According to the Linux man page for flock(), flock() does not work over NFS.

Upgrading from a shared flock() lock to an exclusive one is racy. If you own a shared lock, then trying to upgrade it to an exclusive lock, behind the scenes, actually involves releasing your lock and acquiring a new one. Thus, you can't be guaranteed that someone else hasn't acquired the exclusive lock, written to the file, and unlocked it before your attempt at upgrading the lock returns. Moreover, if you try to upgrade from shared to exclusive in a non-blocking way (LOCK_NB), you might lose your shared lock entirely.
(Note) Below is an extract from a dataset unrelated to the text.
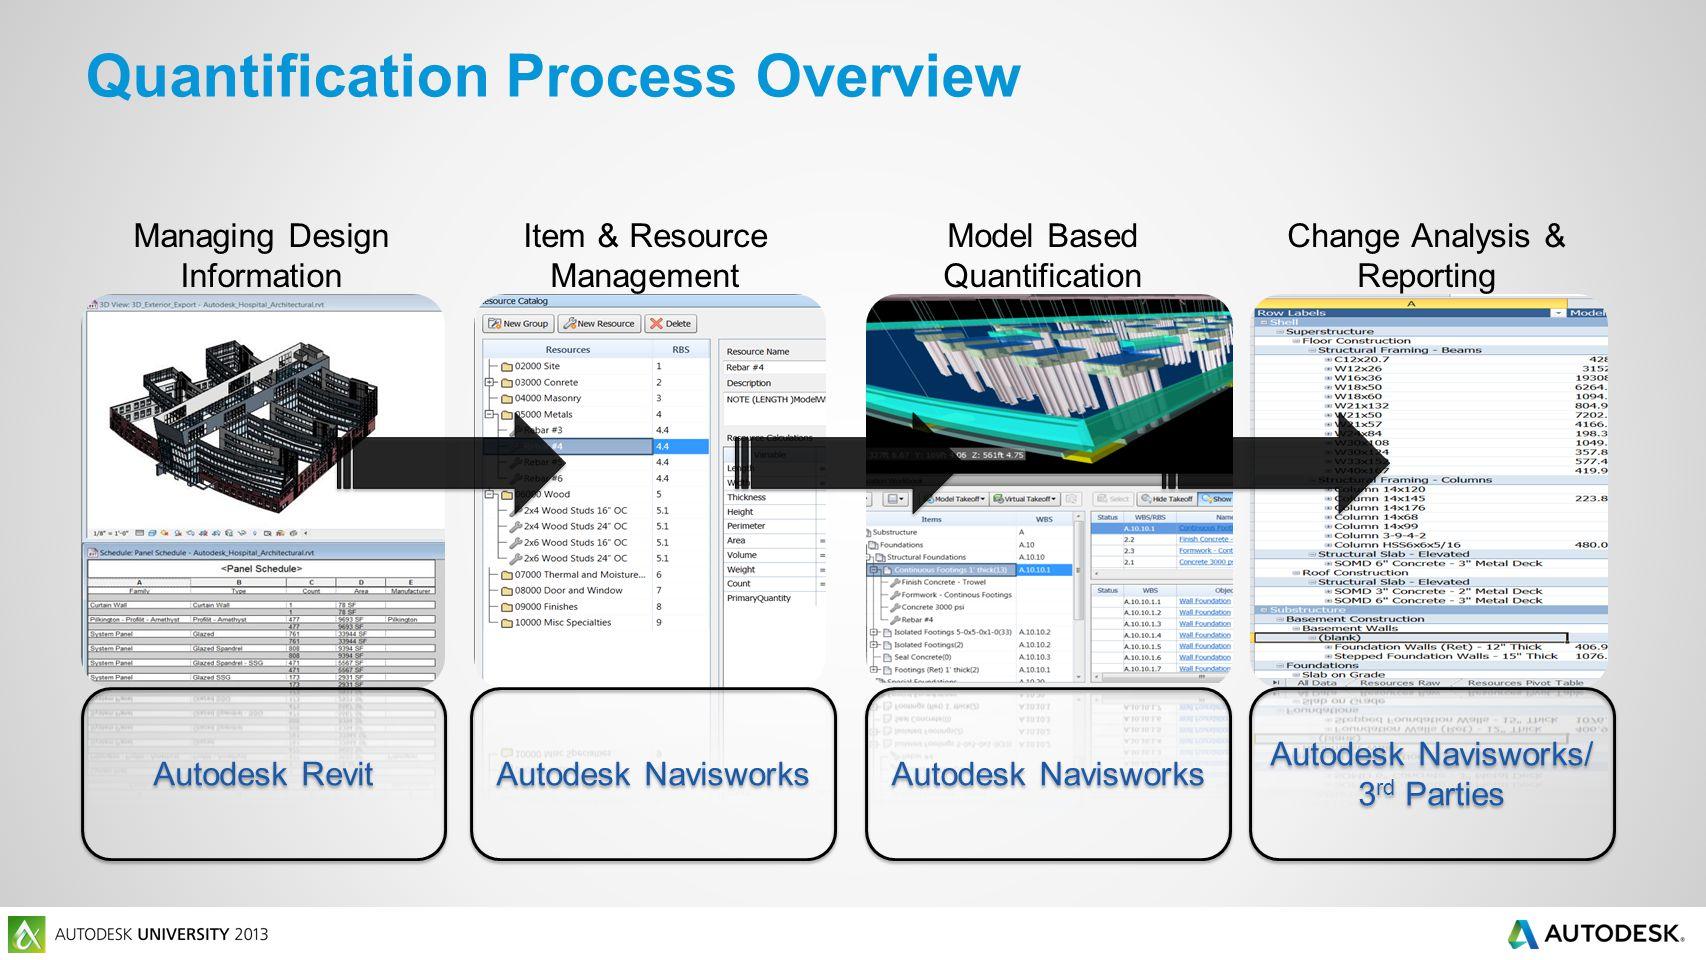 Quantification Process Overview Managing Design Information Autodesk Revit Item & Resource Management Autodesk Navisworks Model Based Quantification A
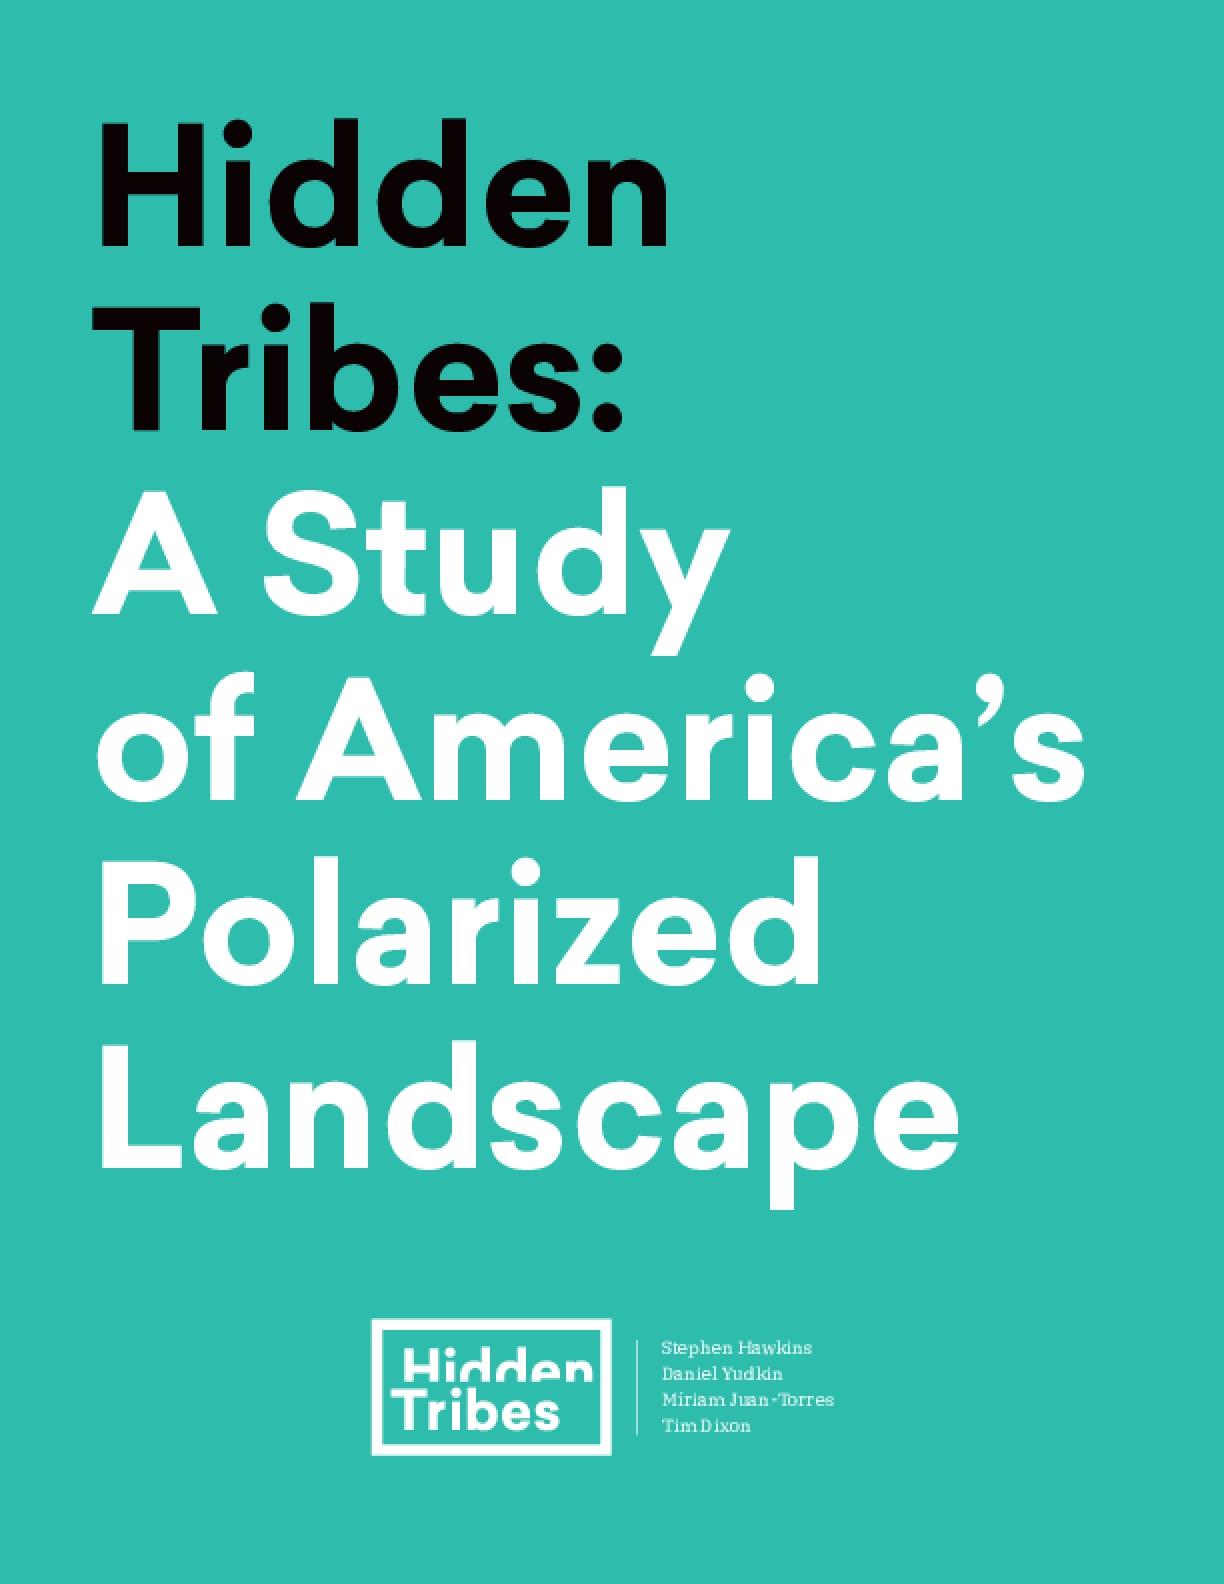 Hidden Tribes: A Study of America's Polarized Landscape

Supposedly, flock() locks persist across fork() and (unlike fcntl locks, see below) won't disappear if you close unrelated files. HOWEVER, you can't depend on this, because some systems - notably earlier versions of Linux - emulated flock() using fcntl(), which has totally different semantics. If you fork() or if you open the same file more than once, you should assume the results with flock() are undefined.

fcntl() locking

POSIX standardized the fcntl(F_SETLK) style of locks, so you should theoretically find them on just about any Unix system. The Linux man page claims that they've been around since 4.3BSD and SVr4.

fcntl() locks are much more powerful than flock() locks. Like flock(), there are both shared and exclusive locks. However, unlike flock(), each lock has an associated byte range associated with it: different byte ranges are completely independent. One process can have an exclusive lock on byte 7, and another process can have an exclusive lock on byte 8, and several processes can have a shared lock on byte 9, and that's all okay.

Note that calling them "byte ranges" is a bit meaningless; they're really just numbers. You can lock bytes past the end of the file, for example. You could lock bytes 9-12 and that might mean "records 9-12" if you want, even if records have variable length. The meaning of a fcntl() byte range is up to whoever defines the file format you're locking.

As with all the locks discussed in this article, these byterange locks are "advisory" - that is, you can read and write the file all day long even if someone other than you has an exclusive lock. You're just not supposed to do that. A properly written program will try to acquire the lock first, at which time it will be "advised" by the kernel whether everything is good or not.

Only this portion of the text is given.